PIJAR-JAKARTA – Undang-Undang No.18 Tahun 2003 tentang Advokat mengatur status advokat sebagai penegak hukum yang bebas dan mandiri serta dijamin hukum dan peraturan perundang-undangan. Tapi pada praktiknya ketentuan itu belum sesuai harapan. Advokat sekaligus pendiri Kantor Hukum SSA, Suhardi Somomoeljono, mengingatkan UU Advokat terbit dalam suasana reformasi, satu tahun setelah terbit UU No.30 Tahun 2002 tentang KPK.

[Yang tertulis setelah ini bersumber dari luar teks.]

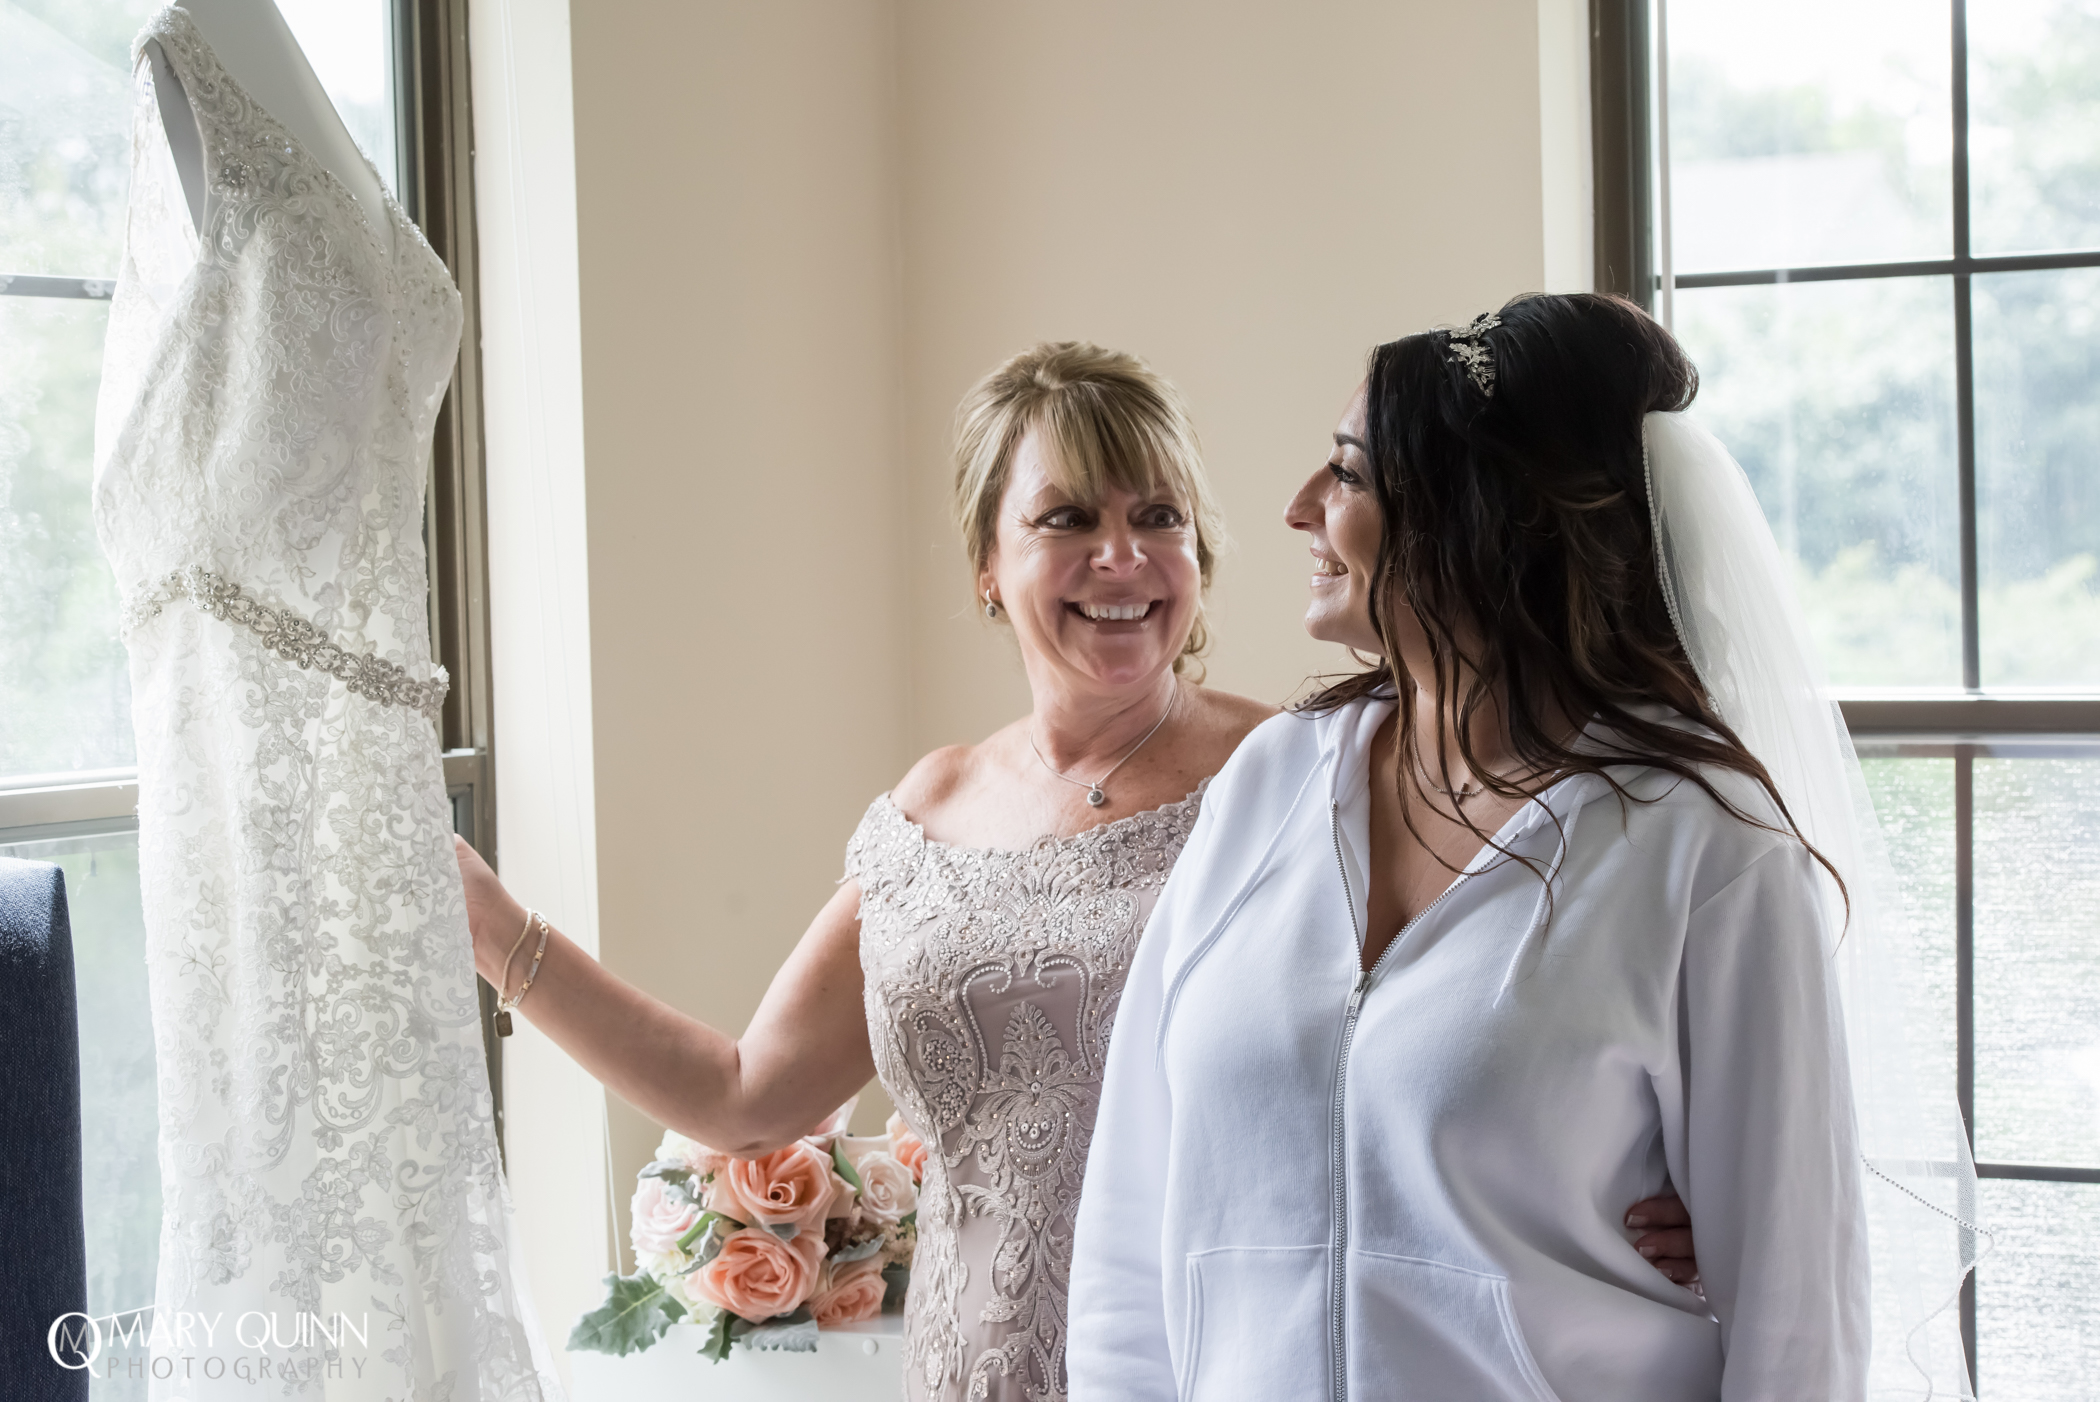 Best Wedding Photographer at the Merion Cinnaminson New Jersey

UU Advokat lahir dengan prakarsa rakyat yakni melalui 8 organisasi advokat. Suhardi menyebut UU Advokat lahir dengan dasar Kode Etik Advokat Indonesia (KEAI) yang telah disahkan oleh Komite Kerja Advokat Indonesia (KKAI). Segala ketentuan pada KEAI secara mutatis mutandis berlaku dan menjadi satu kesatuan dengan batang tubuh UU Advokat.
“UU Advokat ditujukan untuk memposisikan Organisasi Advokat (KKAI) yang telah lahir 1 tahun sebelum UU Advokat disahkan (2002) sebagai pilar penegak hukum ke-4, bersama dengan Mahkamah Agung (hakim), Kejaksaan Agung (Jaksa), dan Polri (polisi),” kata Suhardi dalam webinar bertema “Rekonstruksi Penegakan Hukum Di Indonesia (Gagasan Pembaharuan UU Advokat)”, Selasa (20/9/2022).
Menurut Suhardi, ada 4 pilar penegak hukum di Indonesia yakni polisi, jaksa, hakim, dan advokat. Semua penegak hukum itu posisinya setara. Tapi pada praktiknya ada lembaga penegak hukum yang merasa lebih tinggi dari lembaga penegak hukum lainnya. Status advokat sebagai penegak hukum belum berjalan sesuai harapan. Misalnya, advokat tidak boleh mendampingi saksi di KPK. Hal ini terjadi karena advokat belum memiliki peran di tingkat hulu dalam sistem penegakan hukum.
“Implementasi UU Advokat ini ‘setengah hati’,” ujarnya.
Suhardi menjelaskan criminal justice system (CJS) atau sistem peradilan pidana merupakan suatu istilah yang menunjukkan mekanisme kerja dalam penanggulangan kejahatan dengan mempergunakan dasar pendekatan sistem. Criminal justice system adalah rangkaian proses bekerjanya lembaga-lembaga penegak hukum sebagai suatu sistem yang berupaya menemukan suatu kebenaran materill sebagai upaya penegakan norma hukum pidana materill (law enforcement) atas suatu peristiwa hukum tindak pidana di masyarakat.
Dalam sistem peradilan pidana lembaga-lembaga tersebut terdiri dari kepolisian, kejaksaan, kehakiman, lembaga pemasyarakatan, dan advokat. Oleh karena itu Suhardi menekankan semua penegak hukum posisinya harus sejajar, tapi pada praktiknya tidak. “Peran advokat seolah tidak masuk dalam criminal justice system,” tegasnya.
Dalam rangka ikut serta mengimbangi percepatan pembangunan dalam segala bidang yang dilakukan oleh pemerintah dan lembaga legislatif khususnya pasca diundangkannya UU Cipta Kerja sebagai bentuk hukum progresif yang dianut kebijakan legislasi nasional, Suhardi mengusulkan UU Advokat tidak perlu diganti atau direvisi. Menurutnya, yang sekarang terjadi saat ini bukan kesalahan pada substansi UU Advokat, tapi tafsir atas pelaksanaan UU Advokat.
“Dalam mengatasi keadaan tersebut DPR RI melalui Komisi Hukum dapat menyelenggarakan Rapat Dengar Pendapat (RDP) dengan pihak-pihak terkait yang dipandang memiliki kepentingan bersama dalam melaksanakan criminal justice system,” harapnya.